第91話 謁見の間の死闘 その6~ちなみにおっぱい揉んだだけで達しちゃったってのは作者自身の経験談です~
魔王とダベっている間にも、僕の脳の一部は現在の膠着状態を脱する方法を探るため、あらゆる過去の情報を検索していた。
(どこかに必ず解決の糸口があるはずなんだ……自分の記憶のどこかに……)
先のリプル戦でもそうだったが、戦いにおいては医療に限らず様々な知識が役に立つ。あきらめずに膨大な記憶の海をさまよっていた僕は、とある幼き日の自分にたどり着いた。あれは確か、近所の公園で……
【わかりましたよ魔王、火です!】
「火だと!? あいつを焼きぼっくりにしてしまうつもりか? そなた、割とえげつない作戦思いつくよな……」
魔王が明らかに蔑みの目つきで俺を見る。ひでえ!
【違います! どうせ簡単には燃えないと思いますし、適度に表面を炙ってやってください!】
「はいはい、やりますよ、やればいいんだろ、軍師どの」
魔王は、三国志で作戦の意図がわからず孔明に陰口を叩く張飛のごとく不平をこぼしながらも、ようやく腰を据えて呪文の詠唱に入った。
「光と熱とをもたらすアナフラニール神よ、その怒れる業火にて立ちはだかる者全てを灰燼に帰せしめよ!マーデュオックス!」
踊るように頭上に真っ直ぐに突き出された魔王の両手の間に火の粉が生じ、みるみるうちに大きな火球へと成長する。
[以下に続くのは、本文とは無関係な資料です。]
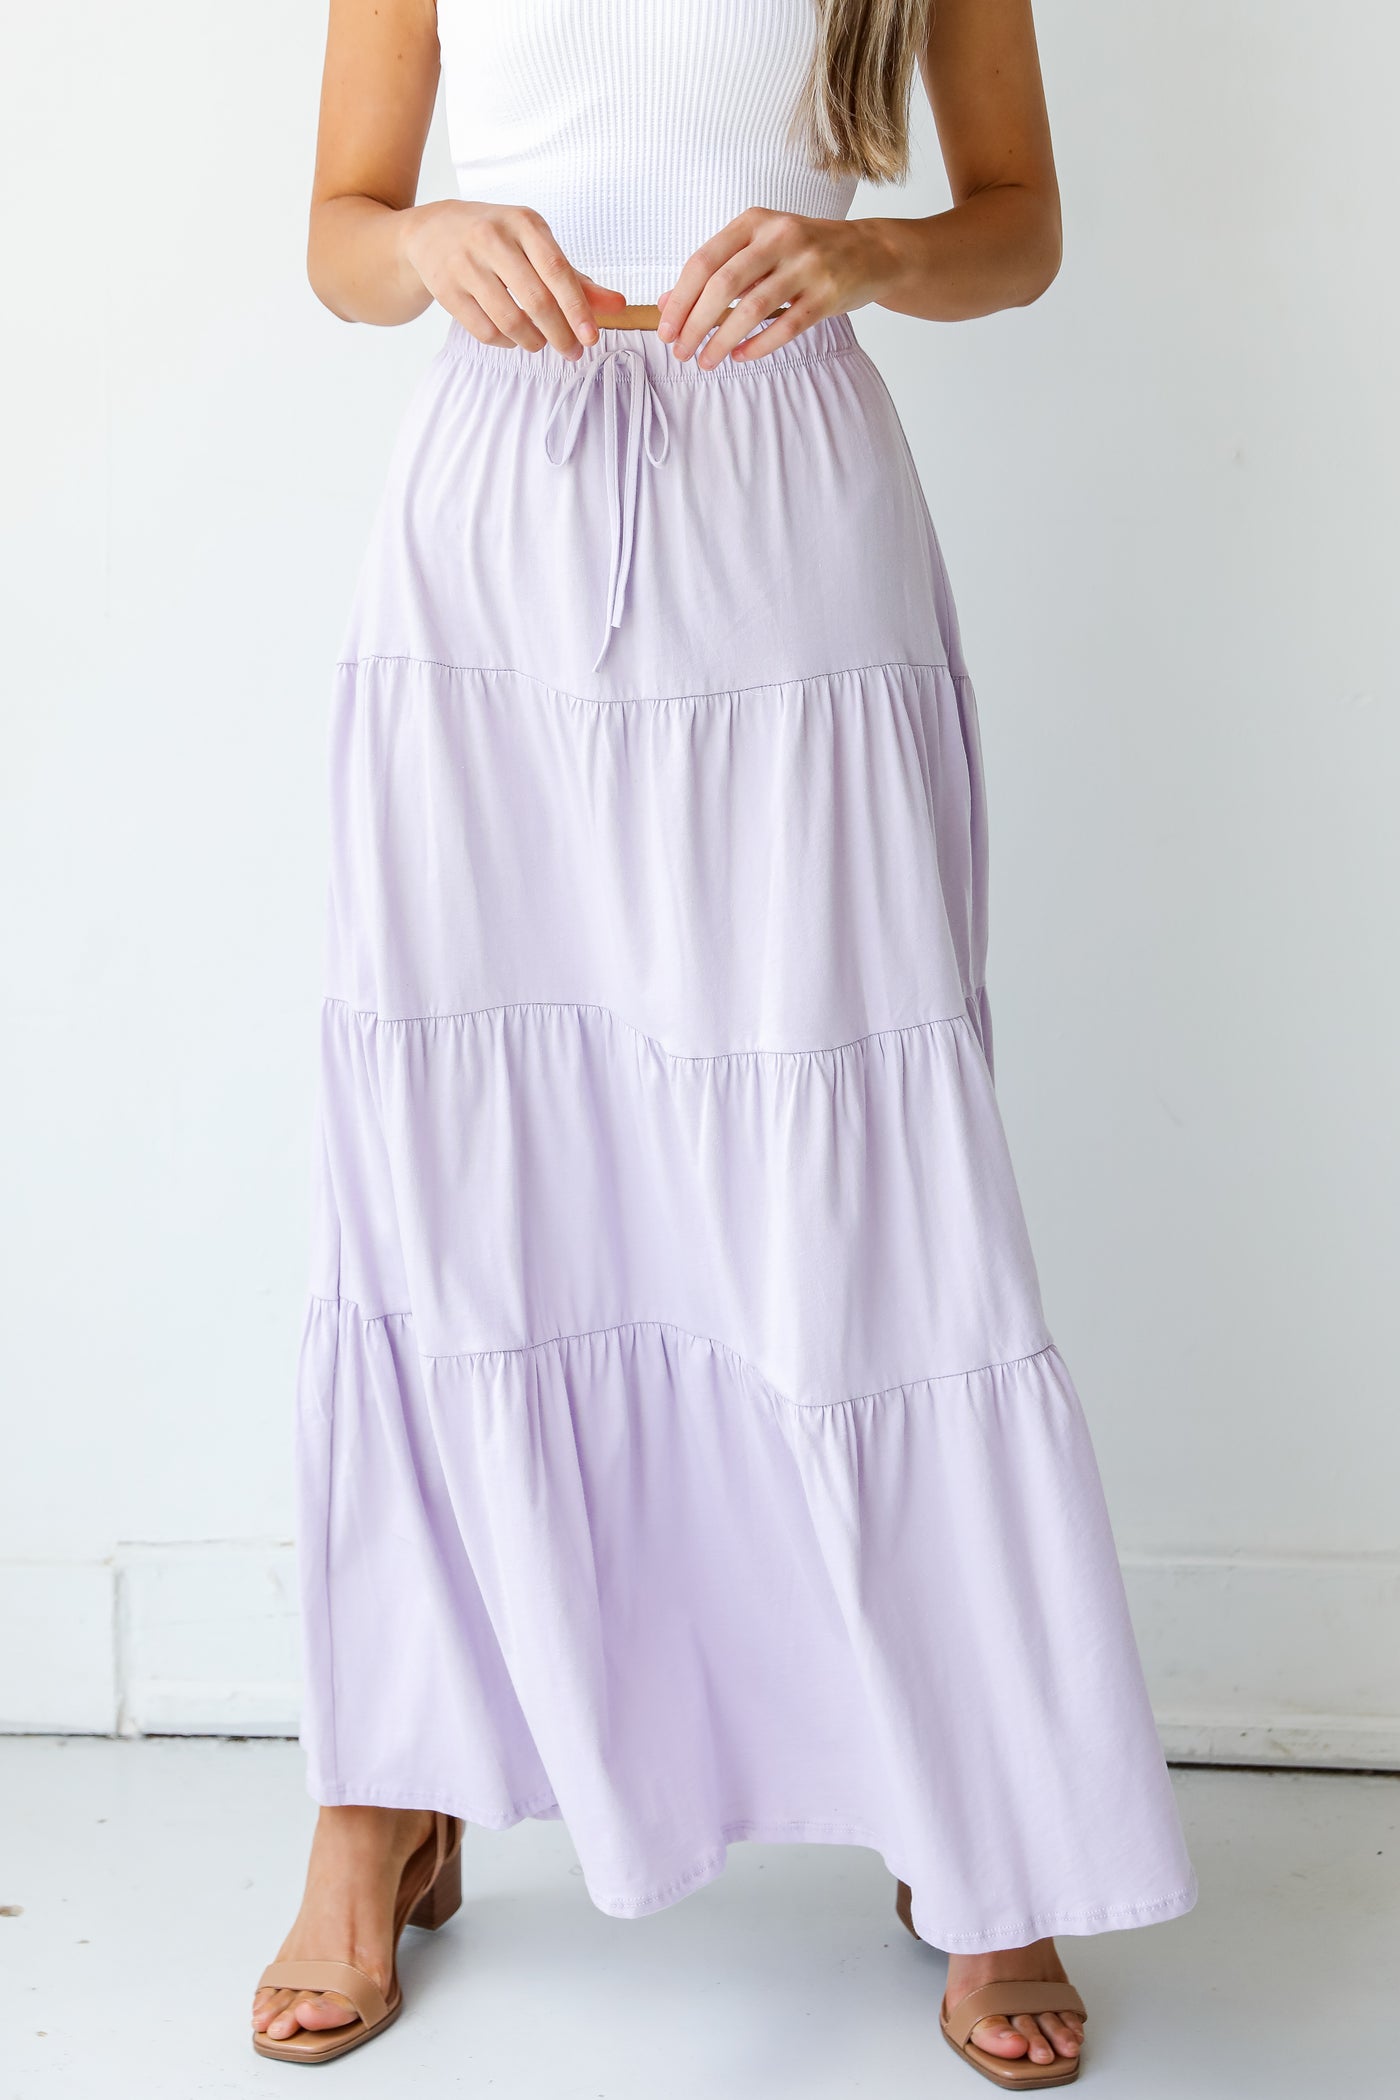 Tiered Maxi Skirt in lilac on model

そこから太陽のコロナのように炎の鞭が松ぼっくり目掛けて伸びていった。
「無駄ダ、小生ノ殻ハ耐火製デ、決シテ発火スルコトハナイ。ヤメテオケ」
火の気を察したのか、モーラスの声が警告を発する。だが僕はそれを聞いて逆に確信した。彼女に炎は別の意味で有効だと。
【気にせずやっちゃってください! ファイヤーッ!】
「これ結構熱いからあまり好きな魔法じゃないんだよなあ……髪の毛がチリチリしてきそうだし。それに何も変わらないぞ!?」
文句をつぶやきながらも、魔王はどんどん巨大化する火の玉を律儀に掲げ続ける。確かにモーラスの言う通り、いくら真紅の舌が皮を舐めても、一向に燃える様子はない。魔王が意味の無い行為に思うのも無理はないだろう。だが、変化はじわじわと生じていた。
「あれ? 殻が……!?」
魔力が打ち止めになるなどブーたれていた魔王の目つきが変わった。なんと、今まで難攻不落の威容を誇っていた松ぼっくりの皮が、朝になると咲く花の花弁のように、徐々に開いてきたのだ。